We call it speedy for a reason
You’ll be tucking into a bowl of this sweet, custardy pud in no time! This pudding is truly delightful, made even more perfect by the smell of cinnamon wafting through the house when it’s baking. Don’t be fooled by the simplicity of these ingredients. Using tinned apricots means you can bake this pudding any time of the year. In summer you could opt for fresh stone fruits, peaches or even stewed rhubarb. Basically, the moral of the story is, use whatever you have in the pantry - that’s the beauty of this dessert!
The episode
Pudding with a touch of nostalgia
This recipe has been passed down the generational line to Averil by her mother, Karen. We even have a copy of the vintage recipe card (for your viewing pleasure below) Karen’s Hot Apricots with Sour Cream! Isn’t it beautiful? We can only assume that Averil’s creative talent started shining through at a young age judging by her doodle of a small walrus sucking on a pipe? Or is it a smoking toothbrush? Pure talent!
The recipe
serves 6
1 (150g) can of apricots
1/2 cup caster sugar
2 tbsp self-raising flour
1 cup sour cream (full fat)
1 egg
1 tsp vanilla extract
for the topping
2 tbsp caster sugar
1 tsp cinnamon
2 tsp butter
Method
Preheat oven to 180°C.
Combine sugar, flour, sour cream, egg and vanilla in a mixing bowl and stir until well combined and smooth in texture.
Open a tin of apricots and drain.
In the base of a medium sized pie-dish place the apricot halves “butts up.” A medium pyrex glass dish would work well.

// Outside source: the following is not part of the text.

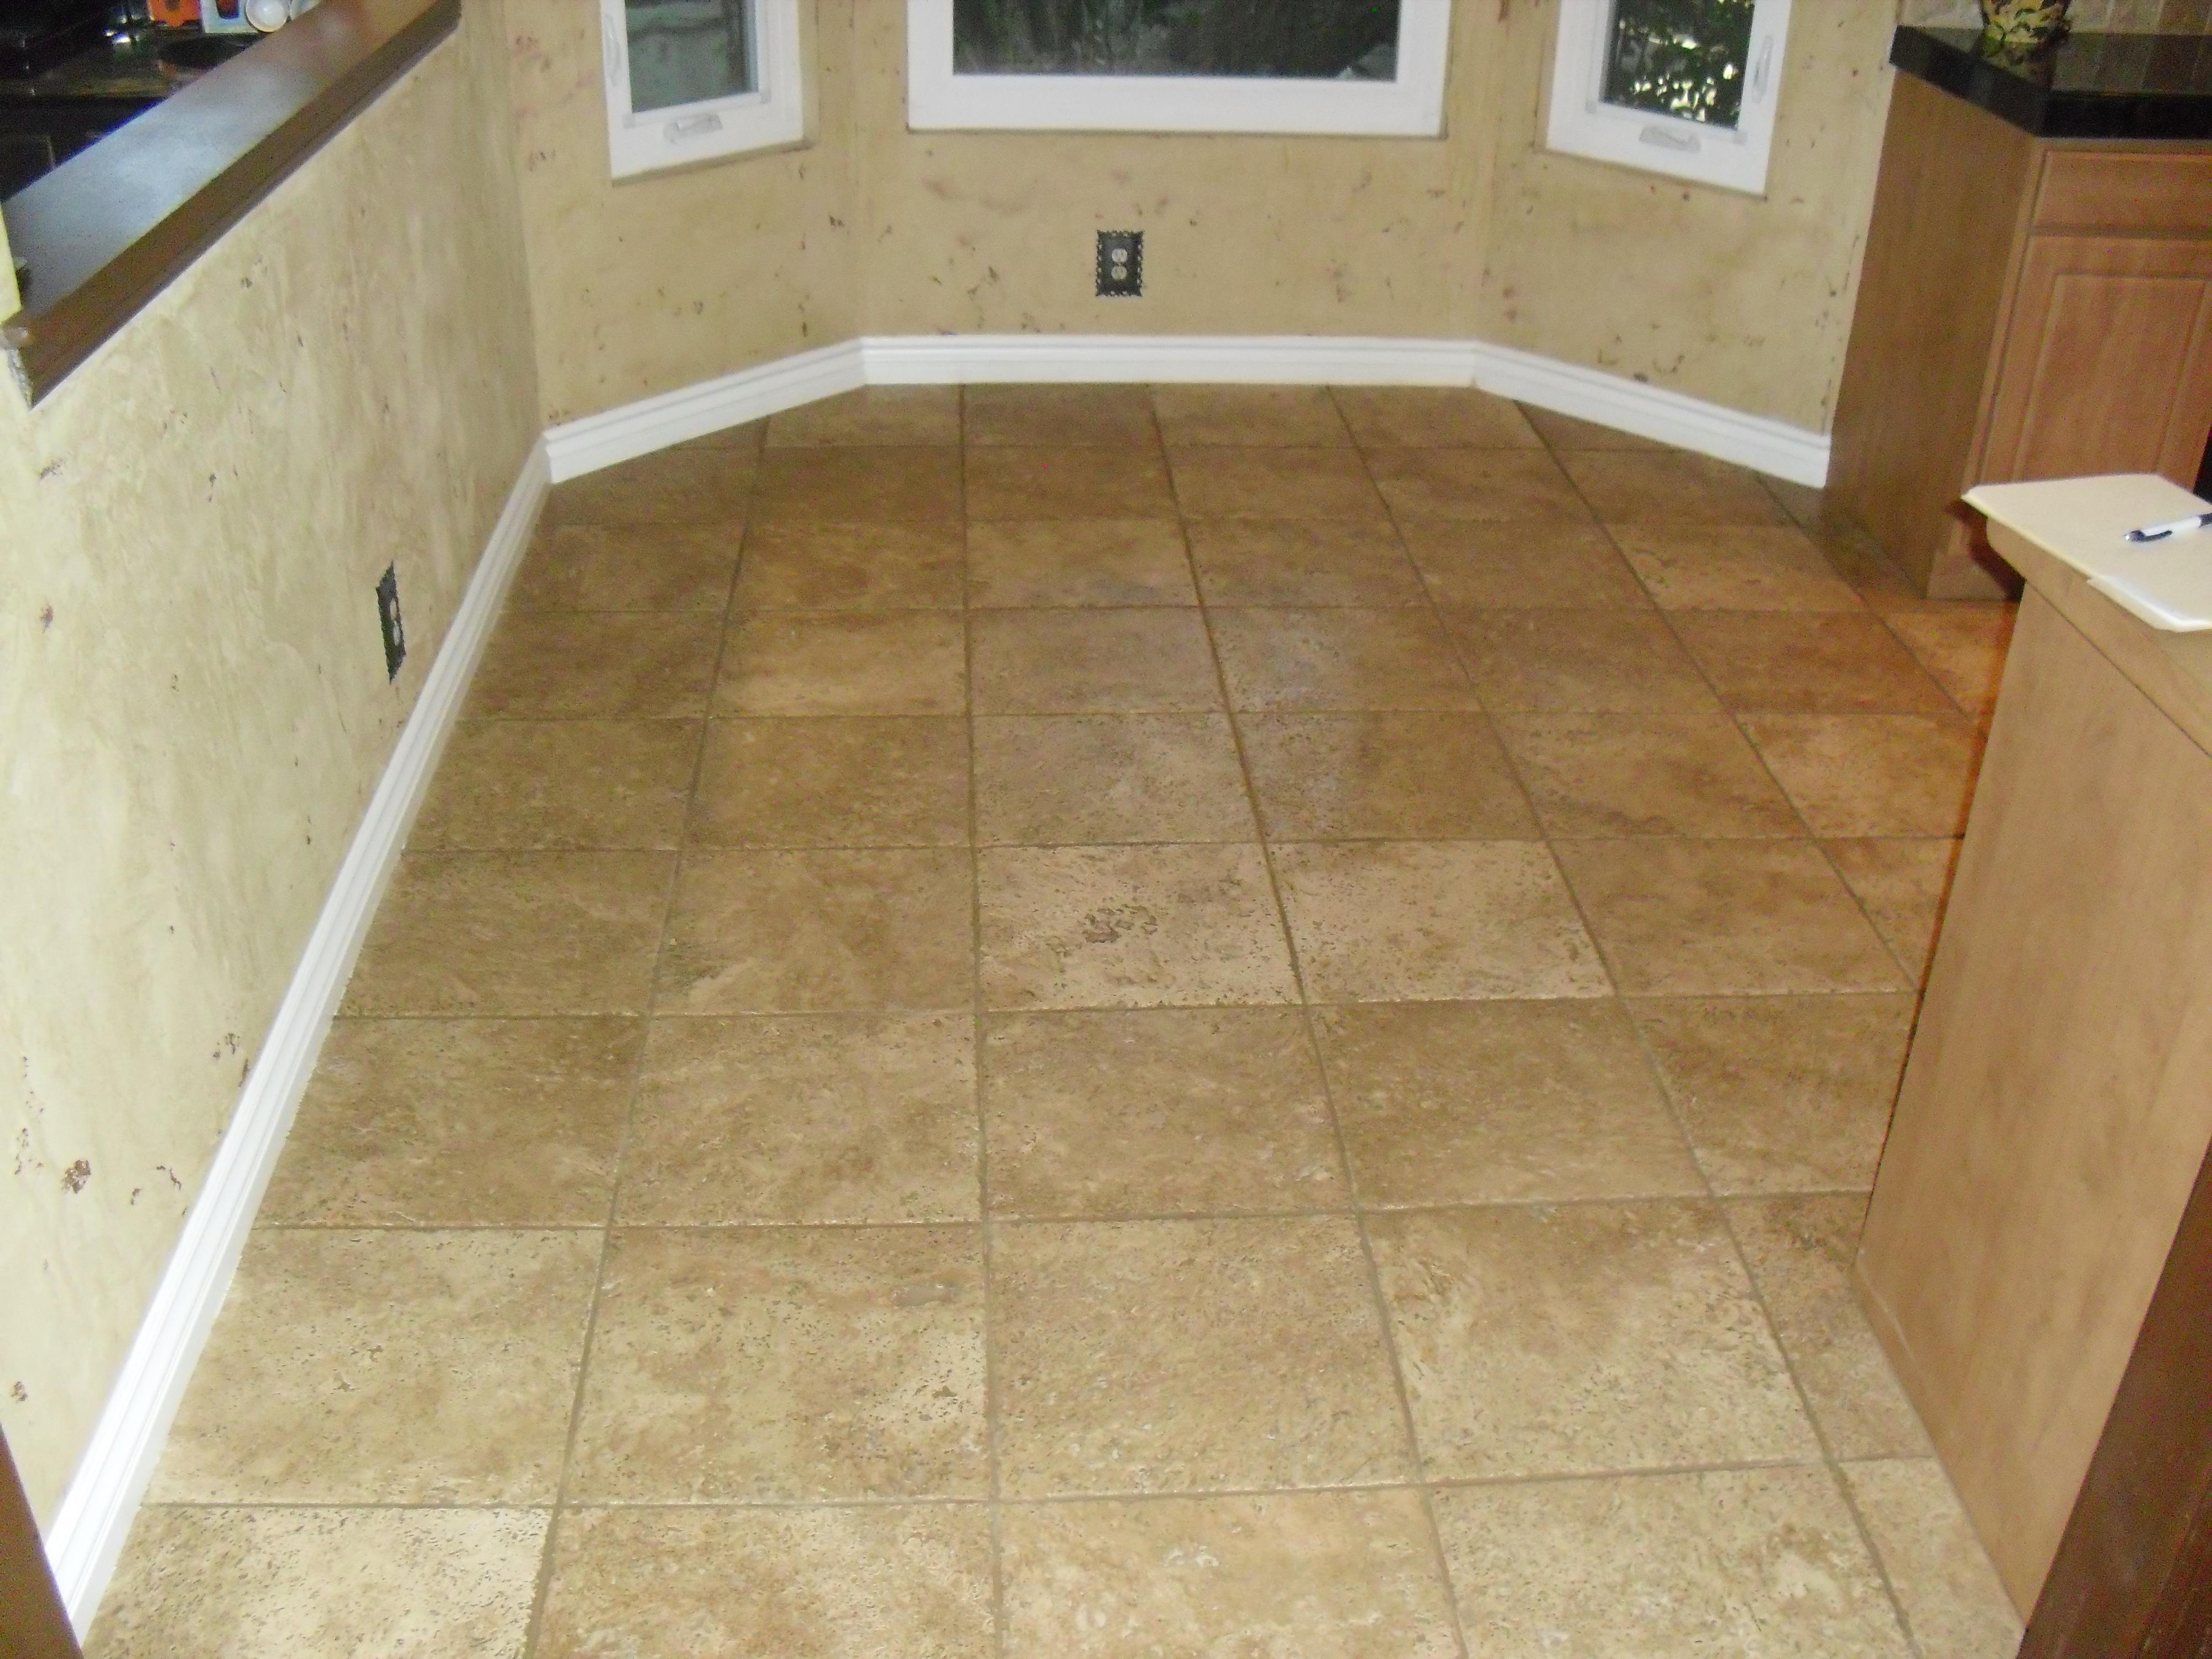 boyles flooring inc in santa clarita ca 661 284 1 With boyle flooring

Pour the pud batter over the top of the apricots, they should be just covered on the top.
Place in the oven and bake for 35 minutes.
While the pud is baking in the oven, prepare the topping by combining caster sugar, cinnamon and butter in a small bowl and stir until the ingredients are dark brown and slightly clumpy.
After 35 minutes of baking, pull the pud out of the oven and sprinkle the topping on top. Place back in the oven to bake for a further 10 minutes.
Serve with a generous dollop of cream or a big scoop of vanilla ice cream!
Bon appetite you slippery little suckers!